Разумом и сам Кирилл понимал все это. Сердцем — нет. Может быть, оттого в этот месяц он особенно много читал и не расставался с дневником, в котором по ночам, при свете огарка, тревожа сон спящего в одной с ним комнатушке верного друга Абросима, записывал все, что волновало душу.
К чести хозяина дневника, это были раздумья не только и не столько о любви. Даже тетради не решился бы Кирилл доверить тайну своих чувств. Наедине с белым листом он размышлял о вечном: о мире и законах бытия, об открытиях человеческого разума и будущем Отечества… Но в этом все же присутствовала любовь, ибо ее волшебная сила распахивает перед нами новые горизонты, побуждает подняться над самим собой, творить, делать этот мир еще прекрасней!
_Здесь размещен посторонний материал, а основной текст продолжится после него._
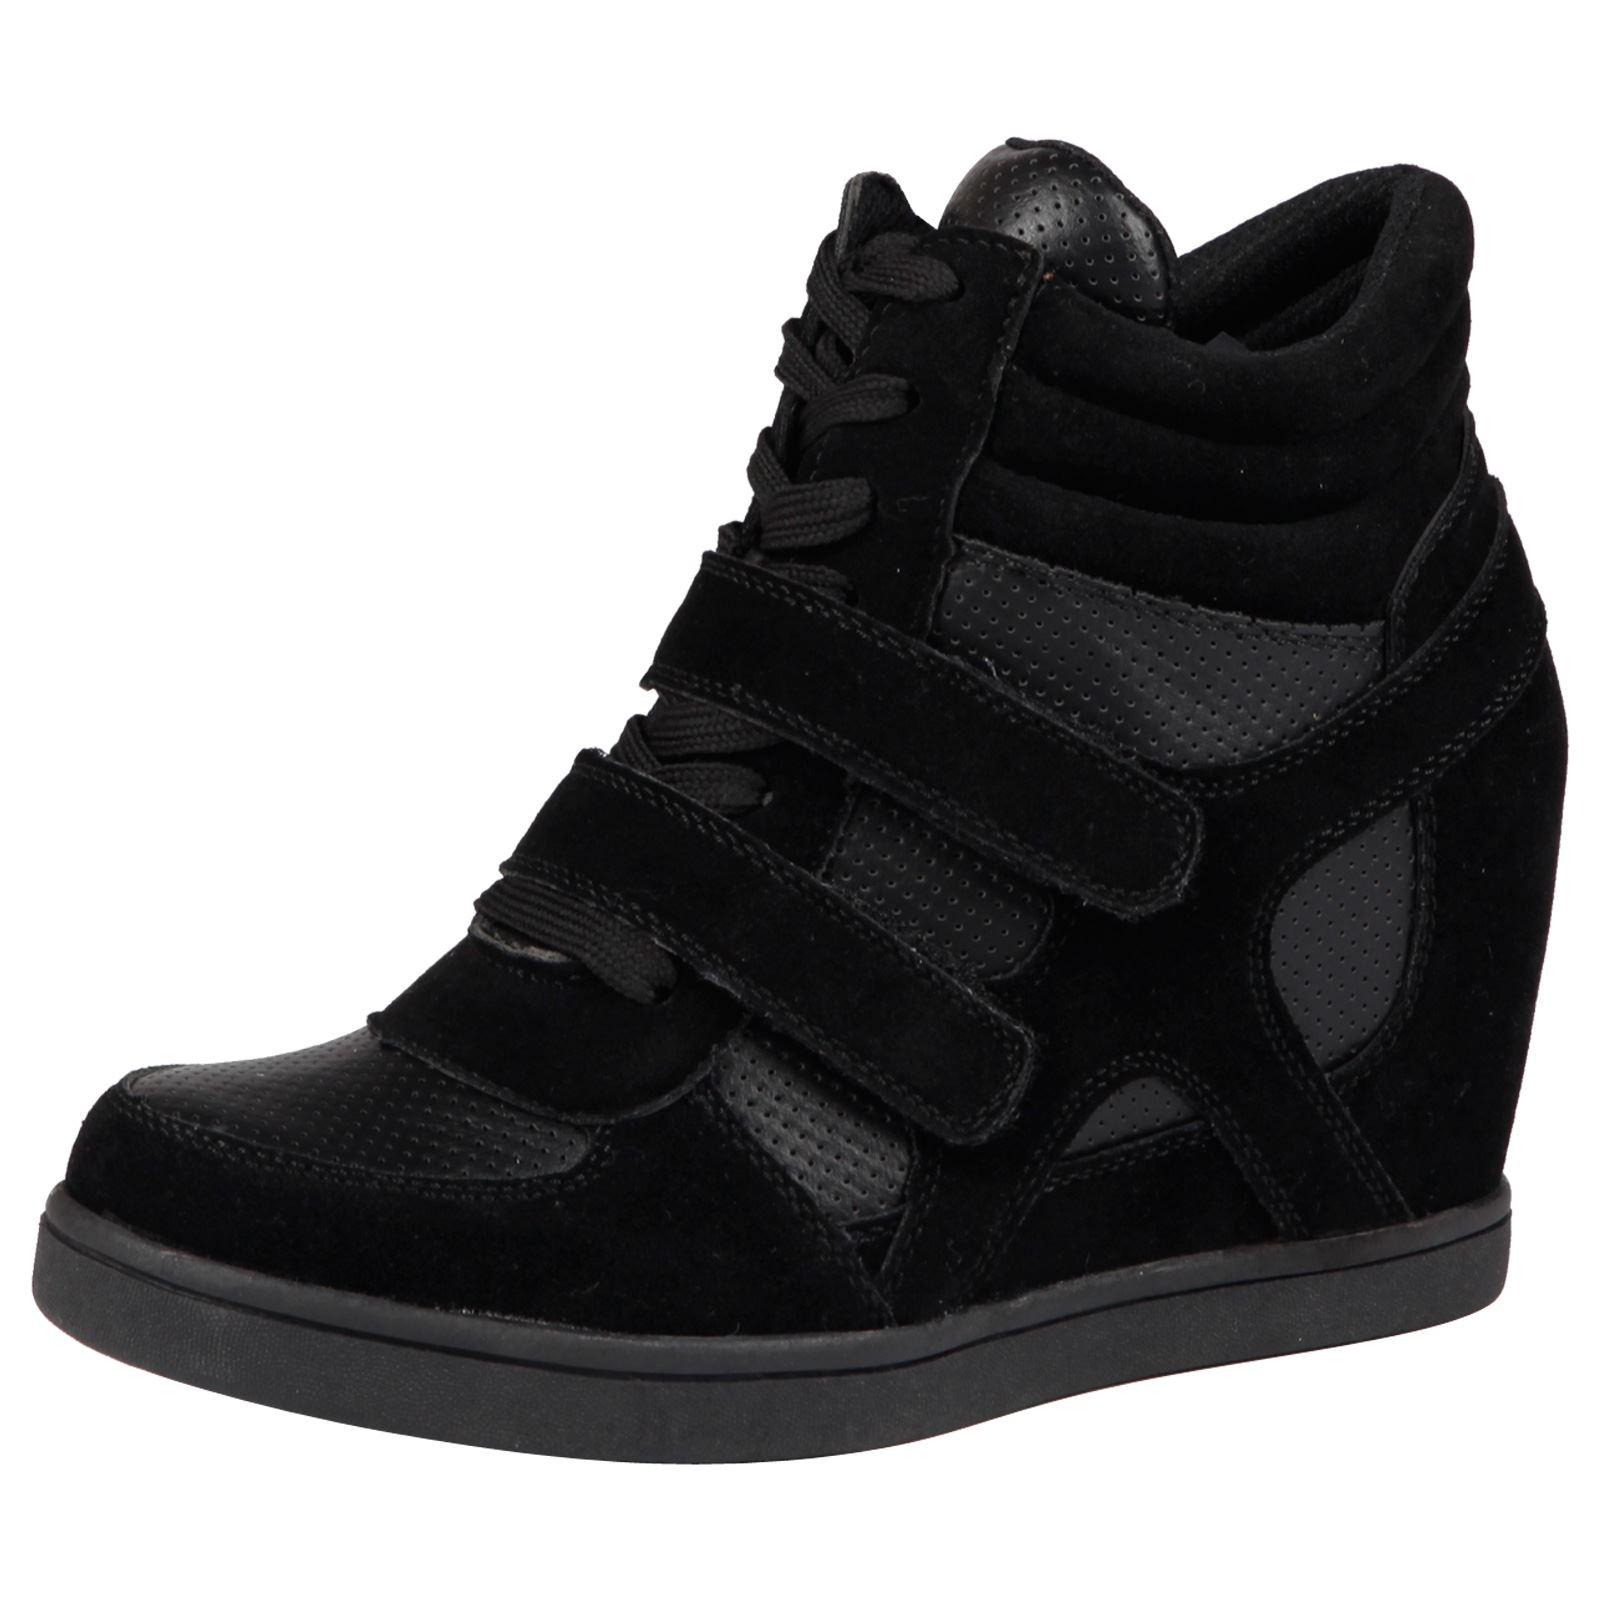 Silver Hidden Wedge Trainers Boots Hi Tops Sneakers Plimsolls UK 3 4 5 6 7 NEW

Справедливости ради надо заметить, что проснувшейся в Кирилле жажде творчества, помимо встреч с Елизаветой Яковлевной, немало споспешествовало и знакомство с интереснейшими людьми, прибывшими на Камчатку на борту «Надежды». Натуралист Лангсдорф и доктор медицины Брыкин, астроном Горнер и еще один натуралист, Тилезиус фон Тиленау, академик живописи Курляндцев… Кириллу отродясь не доводилось встречаться и беседовать со столь учеными мужами. А разве не удача то, как быстро Хлебников нашел общий язык с суперкарго «Надежды» и приказчиком Российско-Американской компании Шемелиным? Начитанный Федор Шемелин, годами немногим старше самого Кирилла, оказался собеседником, которого камчатскому комиссионеру так недоставало. Человек вдумчивый и впечатлительный, Федор Иванович, как никто другой, смог понять тягу своего нового знакомца к путешествиям и познанию мира. Именно он, Шемелин, рассказал Хлебникову массу занимательных подробностей о кругосветном вояже, о диковинных островных землях, сокрытых в просторах Великого океана, о доблести и мужестве российских мореходцев, побеждающих и шторма, и штили… После одной из долгих бесед с Федором Ивановичем в дневнике у Кирилла появилась запись: «Со временем, когда в России, шествующей исполинскими шагами по пути просвещения, все устремится на то, что приносит благосостояние и обогащение Империи, распространится и процветет главная ветвь народного богатства: купеческое мореплавание, и мы, следуя другим торговым народам, пройдем по далеким морям на своих судах, своими купцами и людьми построенных и ими же управляемых, тогда только узнают цену тех мест, на которые ныне столь мало обращают внимания, и потомки наши, статься может, назовут нас недальновидными…»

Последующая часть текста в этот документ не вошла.